A ação foi realizada pela Delegacia de Pontes e Lacerda para cumprir três ordens judiciais: busca e apreensão na casa do suspeito, suspensão das atividades da empresa e uso de tornozeleira eletrônica. As medidas foram autorizadas pela 3ª Vara Criminal do município.

Durante as buscas na residência, nenhum material ilícito foi encontrado. No entanto, os policiais apreenderam o celular do investigado e as chaves de um caminhão da empresa.

Além disso, o empresário foi notificado sobre a suspensão das atividades da empresa e encaminhado para instalação de tornozeleira eletrônica.

As investigações continuam para esclarecer o caso e identificar outros possíveis envolvidos.

Histórico de exploração

A Terra Indígena Sararé se tornou o território com o maior número de alertas de garimpo ilegal no Brasil, com 1.814 registros, segundo monitoramento do Ibama. O levantamento aponta ainda que 93% das terras indígenas mato-grossenses estão sob pressão da mineração. Os dados foram divulgados pela Operação Amazônia Nativa (Opan), nesta quarta-feira (22).

Segundo a Opan, das 74 áreas registradas na base geográfica da Funai, 69 possuem processos minerários em seu entorno imediato, considerando um raio de até 10 quilômetros.

De acordo com o levantamento, o número de processos minerários em Mato Grosso saltou de 5.926, em 2018, para 13.627, em 2025um crescimento de quase 130%. Ao todo, esses processos abrangem cerca de 22.539.135,89 hectares. Considerando que o estado possui aproximadamente 90.320.699 hectares (903.207 km²), a área já sob incidência minerária corresponde a 24,9% do território, uma extensão comparável à área do Reino Unido.

A maior concentração ocorre na fase de Autorização de Pesquisa, que representa 29% do total, com 3.918 processos distribuídos em aproximadamente 9.308.819,47 hectares.

Além dos danos ambientais, o levantamento registra o aumento da violência na região, com a presença de facções criminosas e relatos de tiros, ameaças de morte e ataques a aldeias. Segundo o boletim, o cenário expõe a comunidade a risco de danos irreparáveis, caracterizando uma violência estrutural e sistemática.

Pressão no entorno de Terras indígenas

Terra Indígena Sararé, o território ocupa a quarta posição entre as TIs com maior número de requerimentos minerários próximos, somando 72 processos ativos. O principal minério de interesse nessas solicitações é o ouro, presente em 58 processos, que, juntos, abrangem cerca de 143.383,9 hectares.

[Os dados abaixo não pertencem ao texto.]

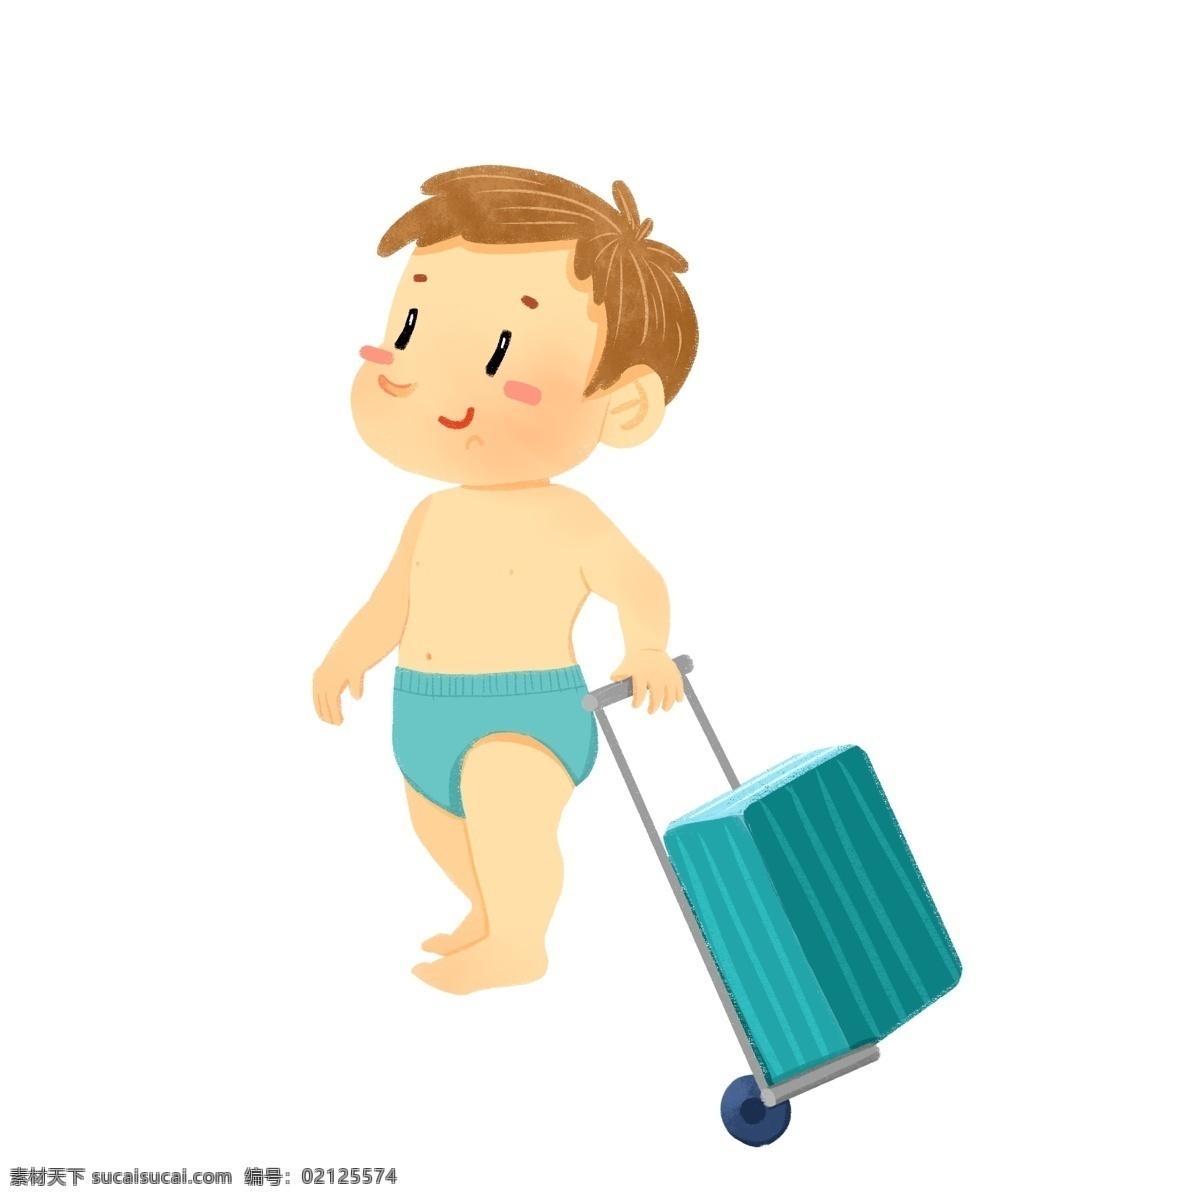 小 婴儿 开心 拉 拉杆箱 小孩 可爱 高兴 旅行 行李 尿不湿 拉拉裤 baby 小屁屁 卡通 人物 走路 站立
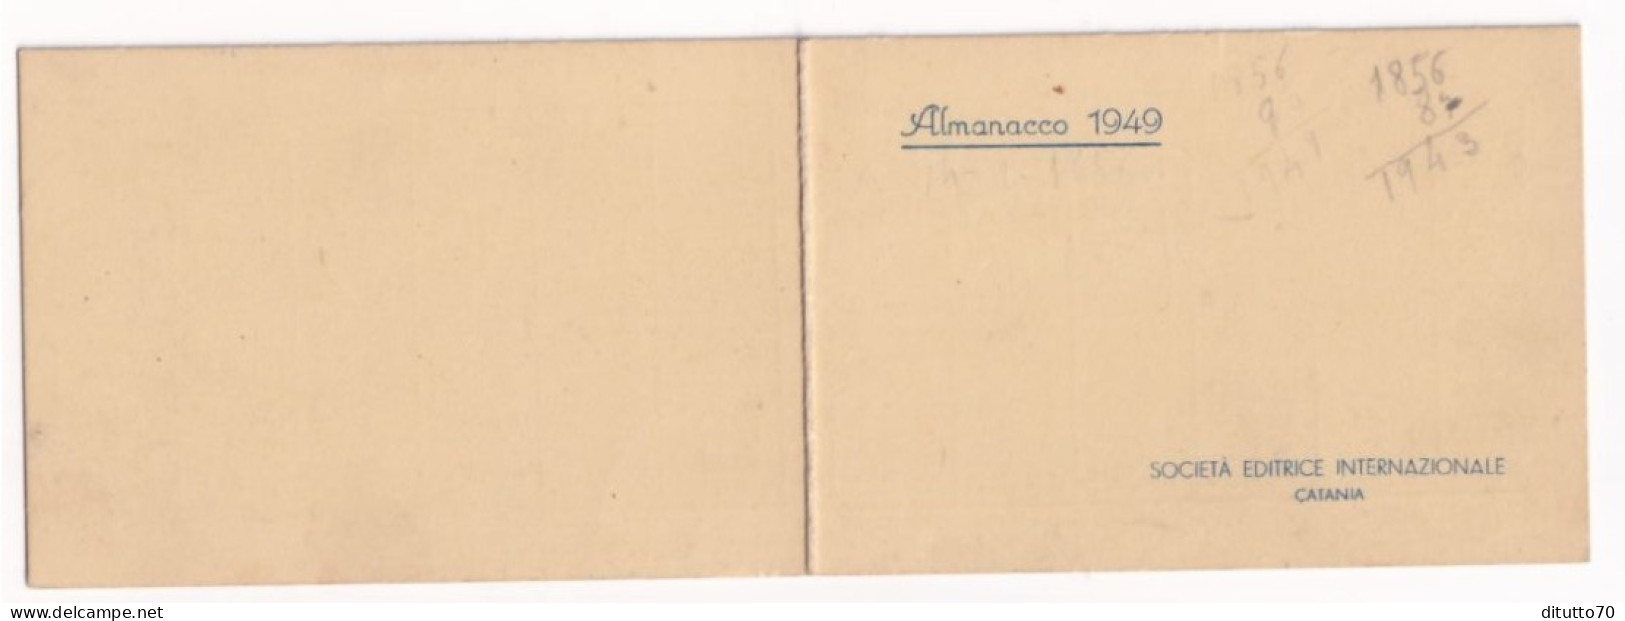 Calendarietto - Società Editrice Internazionale - Catania - Anno 1949 - Petit Format : 1941-60

Em primeiro lugar está a Terra Indígena Vale do Guaporé, que concentra a maior área sob influência de processos minerários em seu entorno, com aproximadamente 237.061,77 hectares. Na sequência aparece a Terra Indígena Escondido, com 195.355,32 hectares, seguida pela Terra Indígena Piripkura, de povos indígenas isolados, com 157.620,48 hectares.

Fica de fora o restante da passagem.